The first VR prototype that Meta shared, Butterscotch, aims to recreate the resolution that we see with our eyes. The company used high-quality lenses to create a resolution of about 60 pixels per degree.

Butterscotch lets users easily read the bottom line of an eye chart. But it needs to be more compact before it can be used by consumers.

oculus butterscotch prototype
Image: Meta

Additionally, the Half Dome prototypes use a technology called varifocal. Varifocal helps display depth in images, so users can better see when some objects are presented in front of others.

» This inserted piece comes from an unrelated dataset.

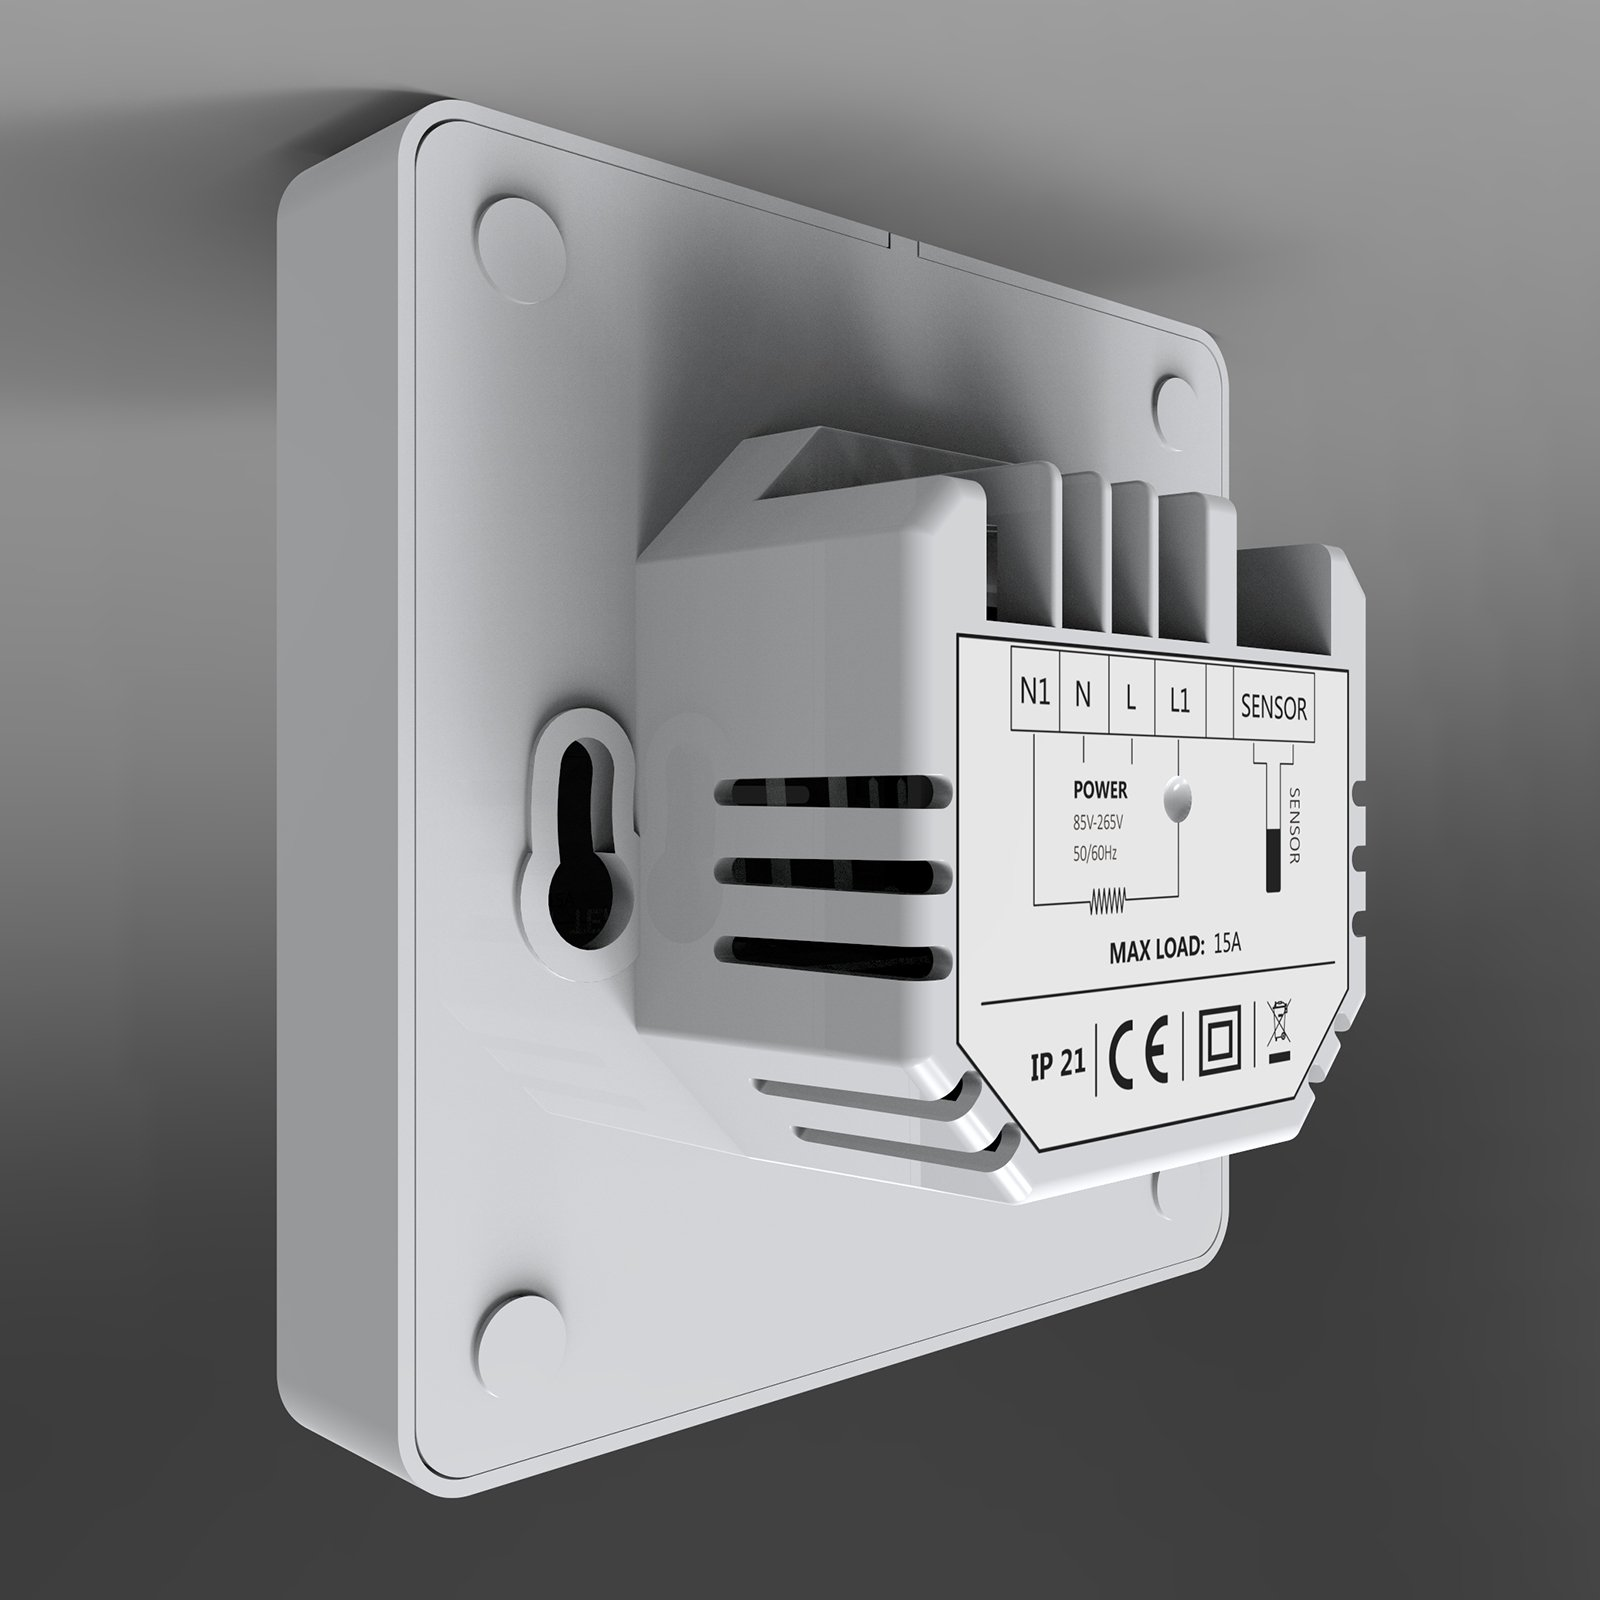 Raumthermostat ET81W für elektr. Fußbodenheizung mit TWIN-Technologie - Steuerung über Smartphone - Farbe wählbar zoom thumbnail 4

Another prototype, called Starburst, addresses the brightness limitations of current headsets. It’s one of the first VR prototypes with HDR, improving brightness to closer match the real world.

holocake 2 prototype
Image: Meta

Finally, Zuckerberg revealed Holocake 2. The Holocake 2 prototype focuses on a lightweight design to ease some of the strain that can come from a VR headset. It looks like a pair of ski goggles and is capable of playing PC VR games when plugged in.

The idea is to bring all of these technologies together into a lightweight, advanced version of what Meta already offers in the Quest 2. There’s obviously still a long way to go. But we can now see just how much effort Mark Zuckerberg and Meta are putting into the future of VR.